From a practical standpoint, a coating with LPCGF could be achieved through a closed system created for the direct addition of LPCGF, within the implant tube, using needles. The procedure is easily reproducible in an outpatient setting, thanks to the dedicated implant tubes. However, when using CGF, although its concentration of VEGF at time zero was much higher than that in LPCGF, it entailed the opening of the tube for inserting the CGF, and its closure, before centrifugation. However, this last procedure (the opening of the tube and the addition of the CGF) took place in an open system, but with a contiguity of time and space that did not limit its clinical application.

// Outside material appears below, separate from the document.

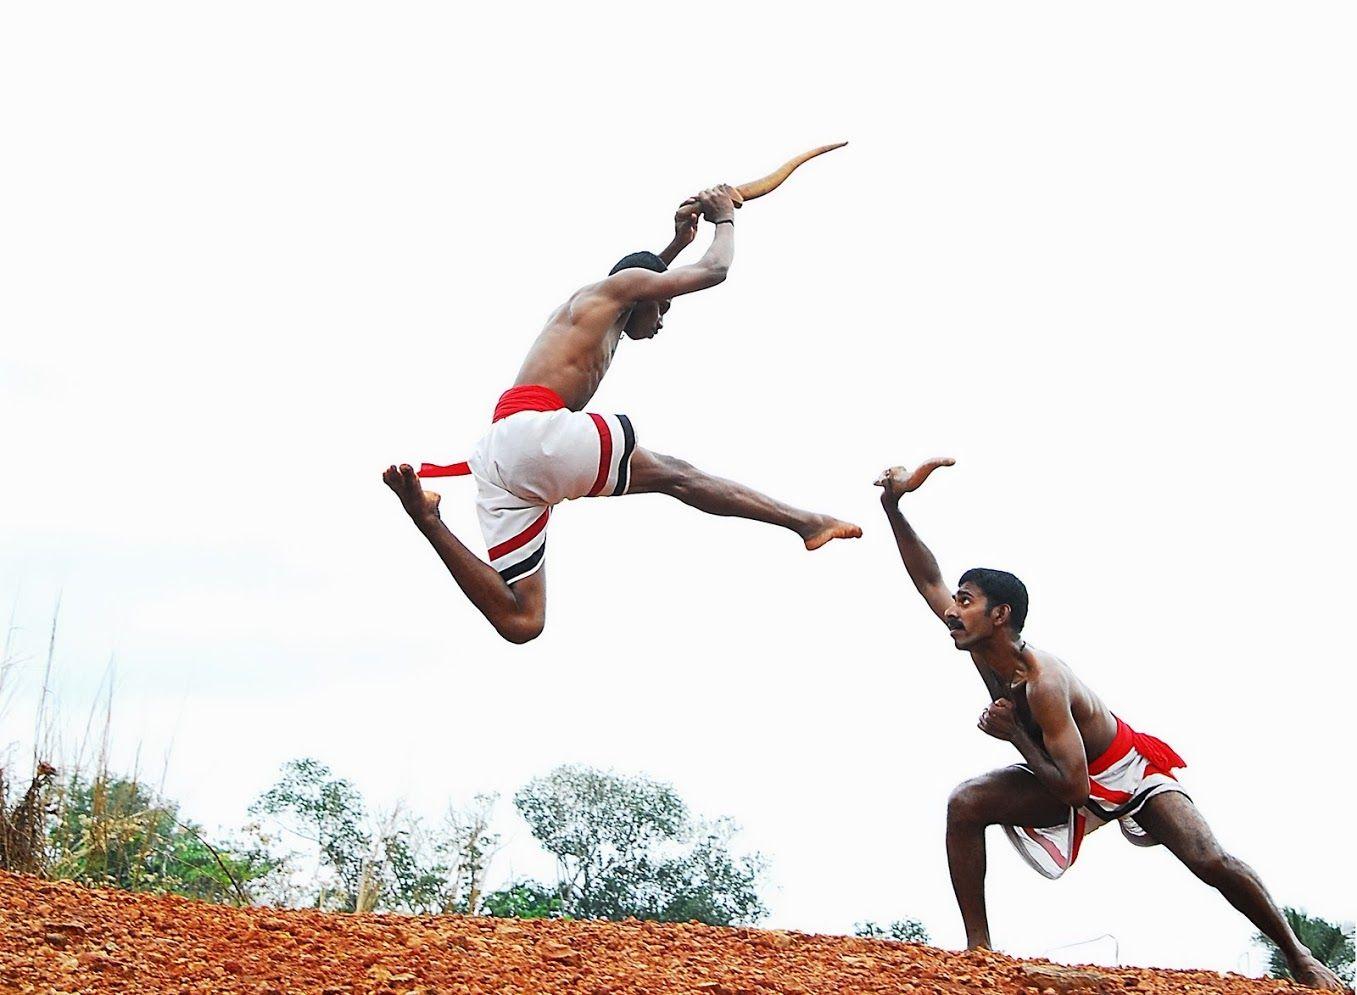 Kalaripayattu one of the most ancient martial art forms

From a clinical point of view, it would be very important and interesting to evaluate if a slow and gradual release of VEGF by LPCG, over time, would be more effective, than a quick release of VEGF by CGF. In fact, the presence of VEGF on the implant surface was crucial, since this growth factor could improve the osseointegration of the dental implant [
16].
Incorporation of the CGF/ LPCGF on the surface of the titanium implant could be carried out in private practice, but always according to the national laws of a country, which might be different from one country to another. The organization should first obtain all necessary authorizations for medical and surgical practice.
4. Conclusions
The results reported here showed that a titanium dental implant surface, permeated with CGF or LPCGF, contained fibrin, which is fundamental to accommodate the cellular network. The permeated dental implant surface was found to slowly release VEGF, a growth factor indispensable in creating intercellular communication and neo-angiogenesis, during bone regeneration and healing [
17,
18,
19].
The devices used in this study could be employed to produce the first biologically active implant surface, permeated with both fibrin (which is essential to accommodate the cellular network) and growth factors (which are essential to create intercellular communication and neo-angiogenesis). By using this procedure, the osseointegration process becomes bilateral, operating both from the bone towards the implant, and from the implant towards the bone. This could reduce healing time and potentiate the physiological response.
It will, thus, become possible to expand the application of this type of surface in other fields of medicine, including orthopedics, maxillofacial surgery, and plastic surgery. Further studies are needed to investigate the use of biologically active surfaces, in greater depth, and to further improve the implant micro-surfaces, making them increasingly permeated by the autologous growth factors.